Katharine Viner refused to say explicitly that The Guardian would keep its print edition after The Independent’s print closure. "I don’t know," she said, when asked at the Newsworks’ Shift 2016 conference today about the future of The Guardian in print.
"I believe anything we put out with The Guardian’s name should be really good. I think the future is digital."
However, when pressed on the issue, she said print "absolutely" has a foreseeable future and pointed out revenues from print readers "actually went up last year".
She went on: "The thing about the digital era is the future is always unknown. We don’t know what’s around the corner. We all remember when the tablet was going to save journalism."
The Guardian does not charge online readers – unlike many upmarket rivals including The New York Times, The Times and the Financial Times which have a metered or hard paywall – although it does have a voluntary membership model to encourage readers to become "more loyal".
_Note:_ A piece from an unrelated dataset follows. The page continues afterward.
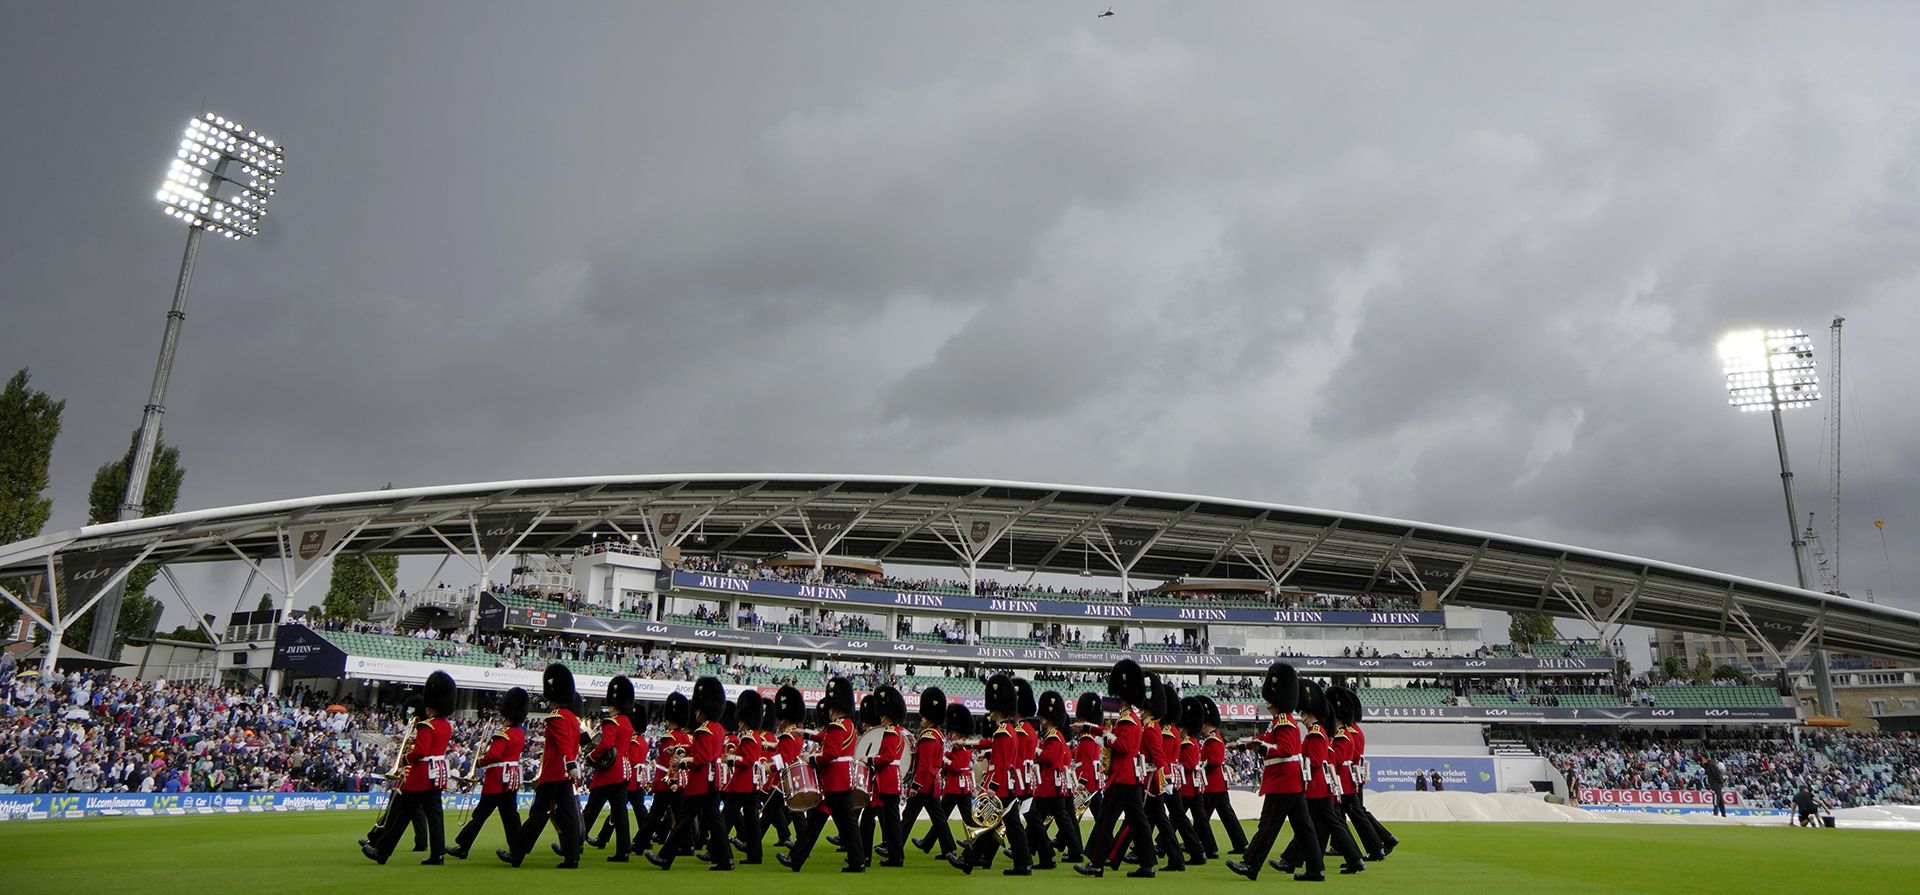 The Band of The Household Cavalry abandona la cancha cuando la lluvia retrasa el inicio del juego en el primer día del partido de prueba entre Inglaterra y Sudáfrica en el campo de cricket Oval de Londres, el jueves 8 de septiembre de 2022.

She said: "People say to me all the time, ‘How can I give you money? I feel guilty that I read you so much, I use you so much, I watch your video all day long, but I don't pay you any money. I want to give you money.’"
Viner admitted The Guardian faces significant economic difficulties "when digital advertising is going to Facebook and Google quite dramatically instead of news organisations in the last year". Asked how advertising and media agencies could help The Guardian, she joked: "Put all your advertising into news brands and forget about Facebook and Google."
The Guardian has been investing in native ads that blend in with editorial. "Our instinct on native advertising is we should do fewer, better ads."
Asked about what she would like her legacy to be, she said of the paper that was founded in 1821: "I’d like The Guardian to be on a more sustainable future, so there is a 400th anniversary, not just a 200th anniversary."
Viner took over in June 2015 from Alan Rusbridger and said: "I’m slightly embarrassed about how much I’m enjoying it."
The Guardian is under pressure to make major cuts as the group needs to save £50 million in costs in its struggles to break even on an operating basis in three years' time.